▸ **THE DATA**
--------
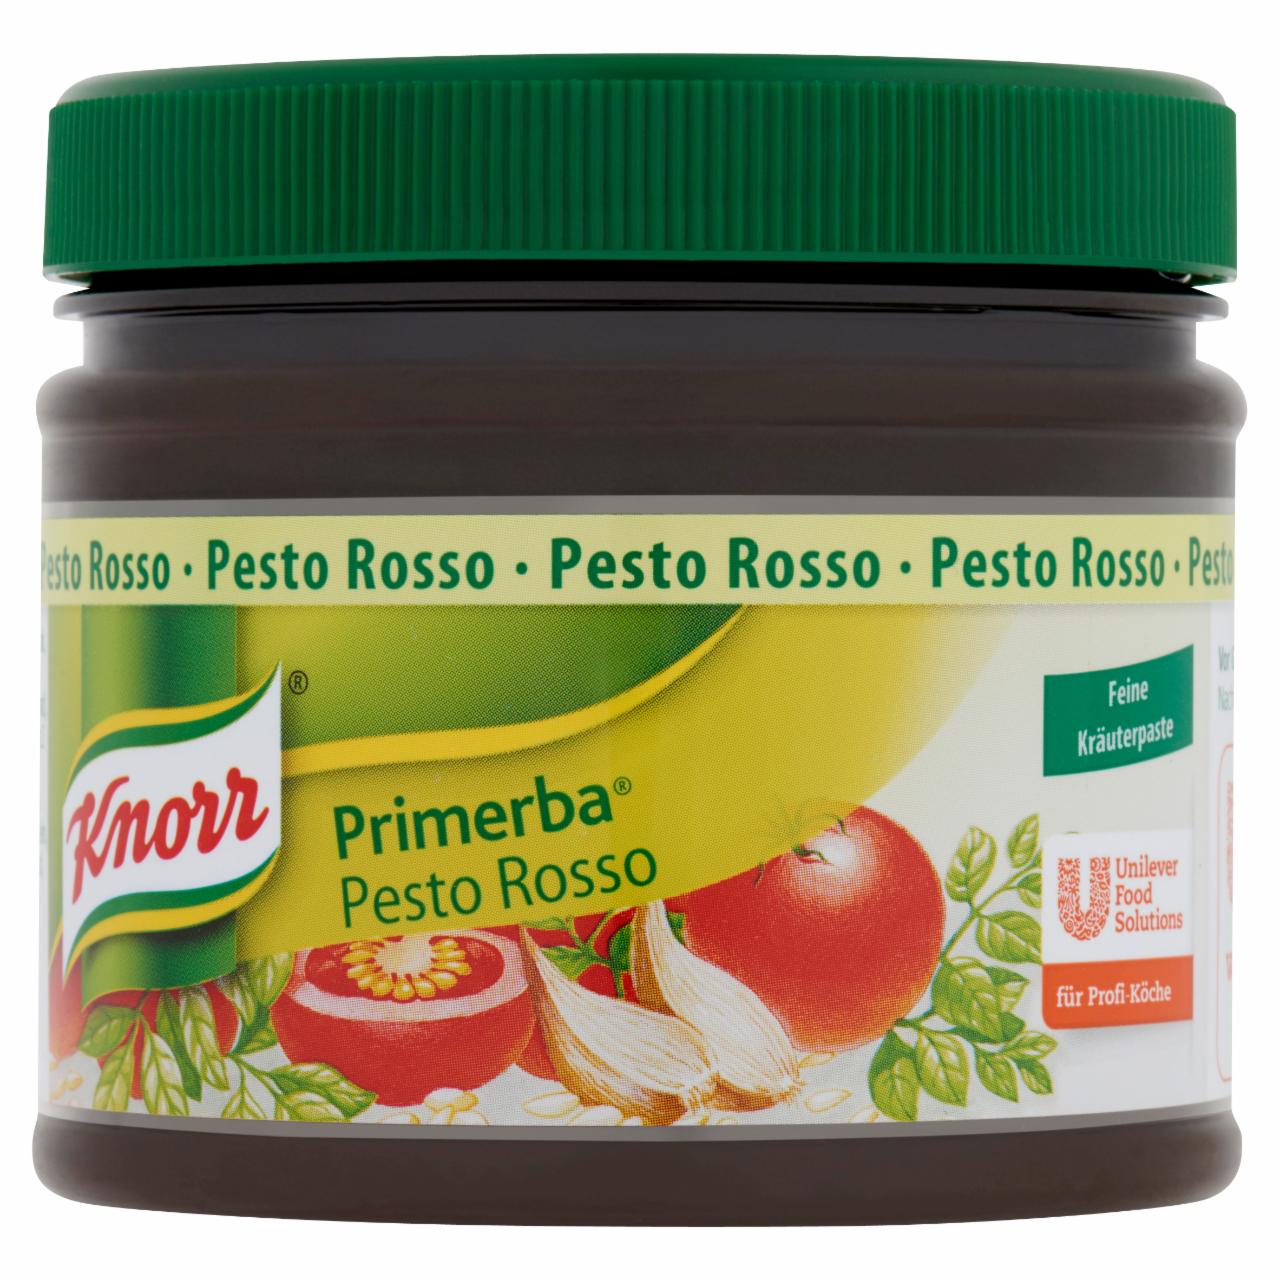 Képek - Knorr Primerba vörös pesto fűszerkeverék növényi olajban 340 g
--------
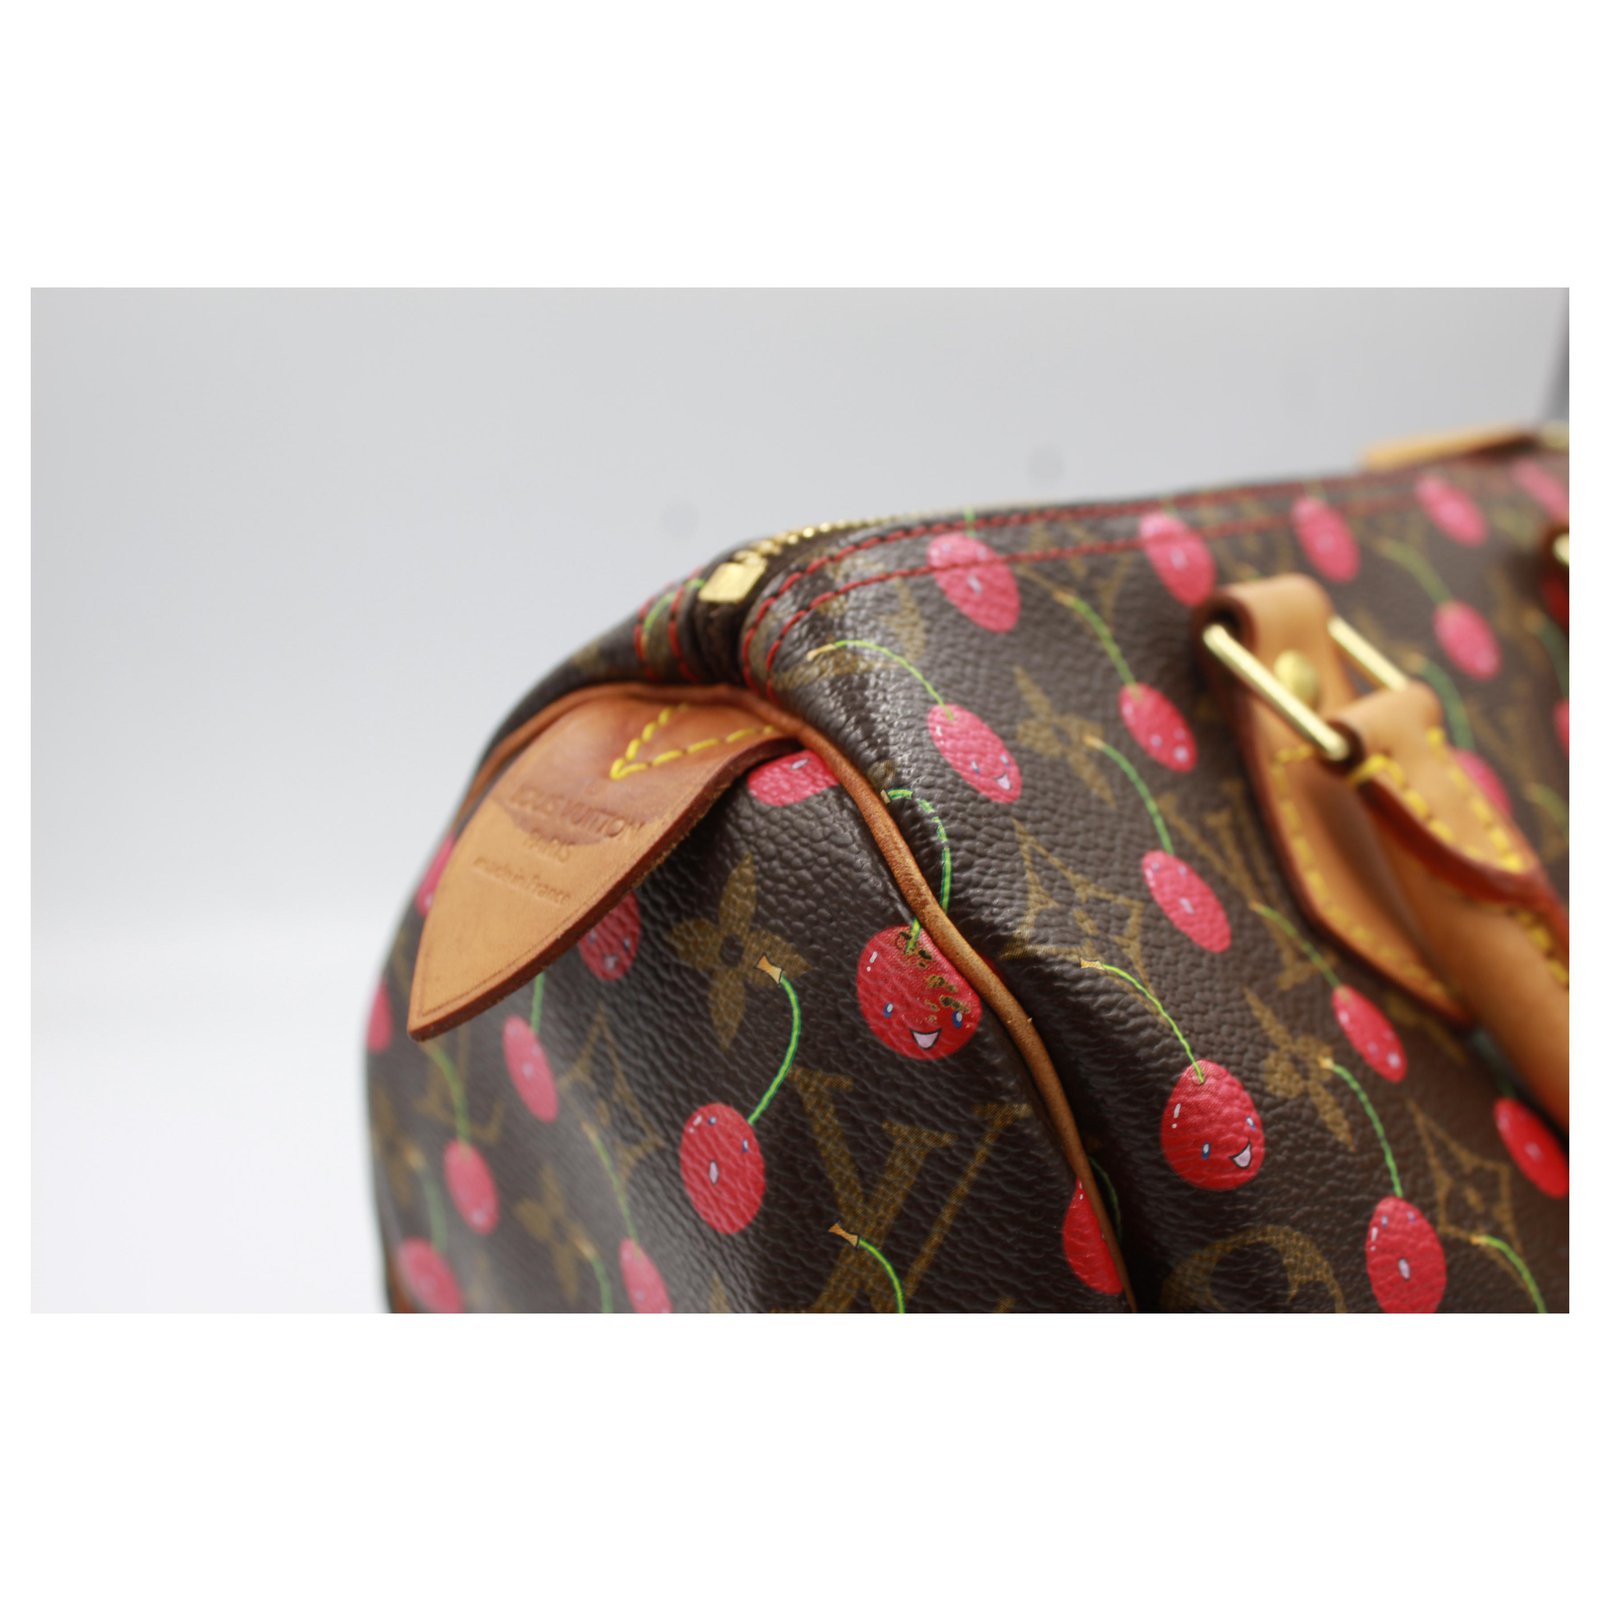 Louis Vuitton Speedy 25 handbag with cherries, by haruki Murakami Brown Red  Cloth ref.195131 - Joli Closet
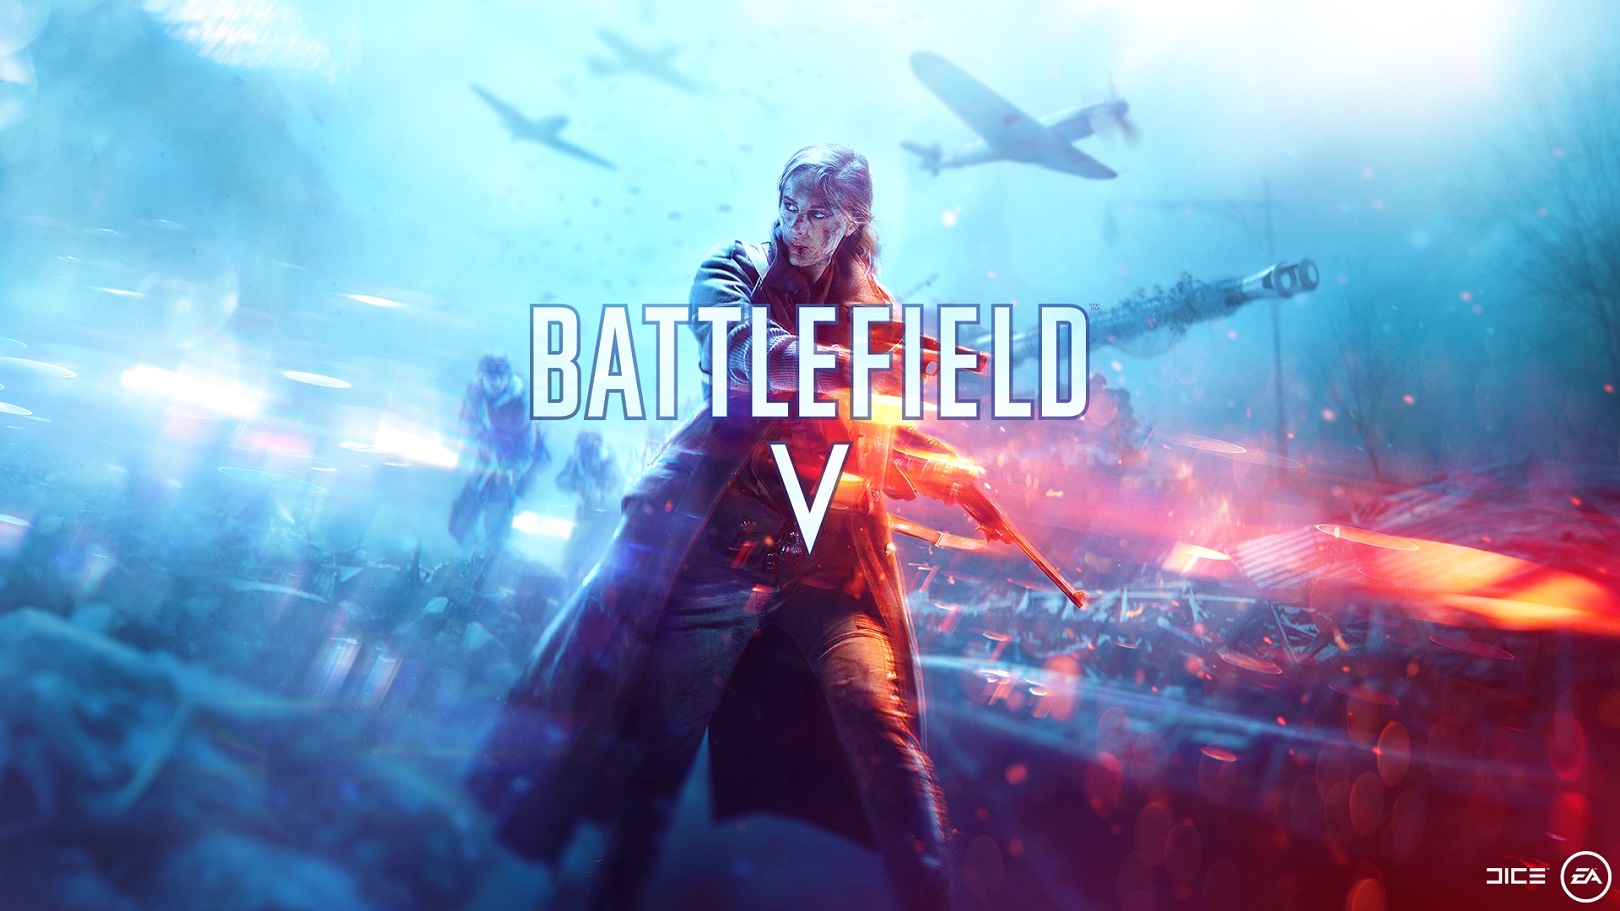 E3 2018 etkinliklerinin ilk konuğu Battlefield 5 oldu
--------
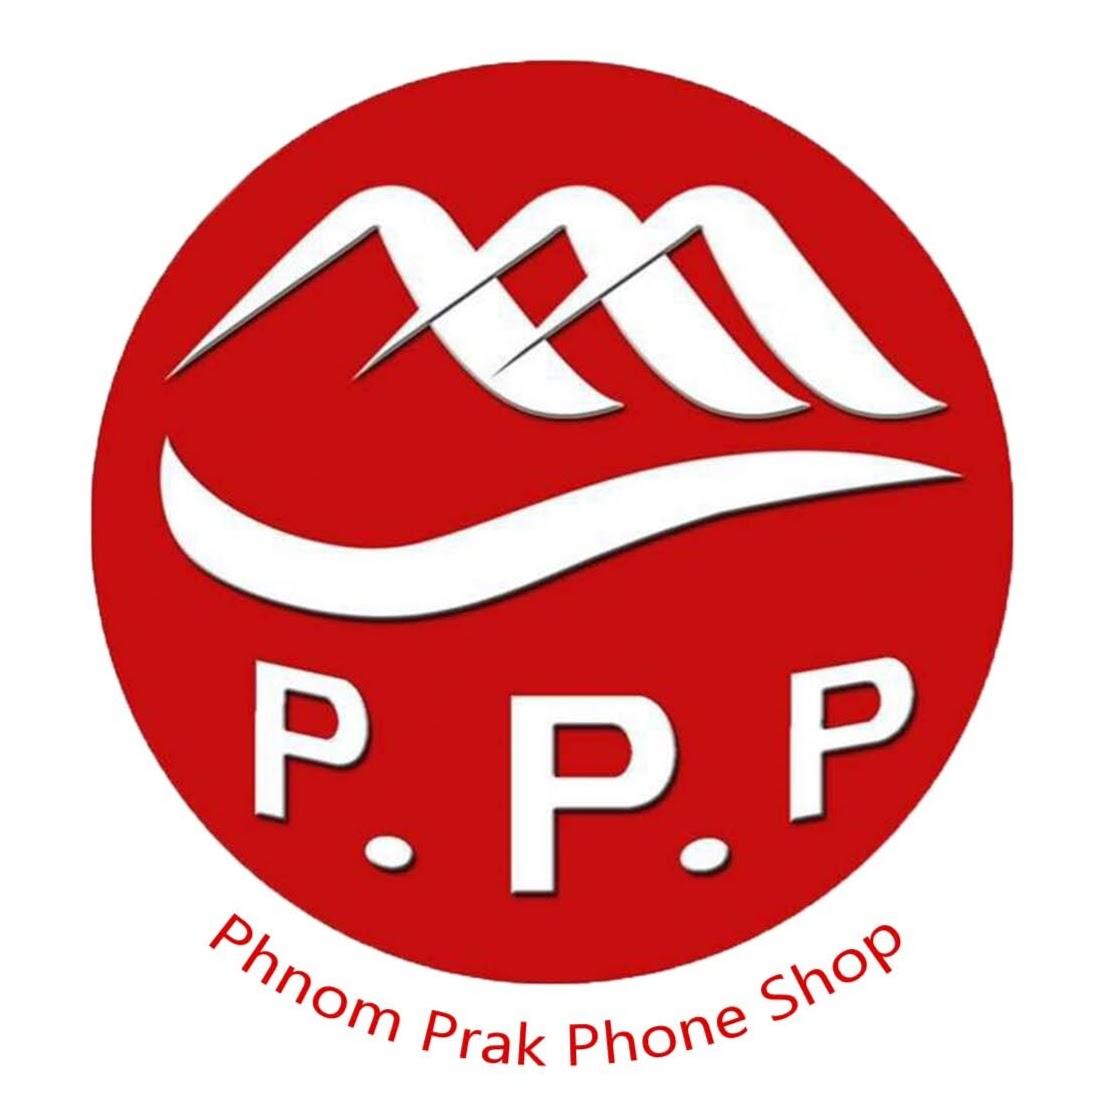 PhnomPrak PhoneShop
--------
An exact transcription is needed of the lines from the one with "Louis Vuitton Speedy" to the one with "E3 2018 etkinliklerinin" above, both ends included, with pictures left out.

 Louis Vuitton Speedy 25 handbag with cherries, by haruki Murakami Brown Red  Cloth ref.195131 - Joli Closet
 E3 2018 etkinliklerinin ilk konuğu Battlefield 5 oldu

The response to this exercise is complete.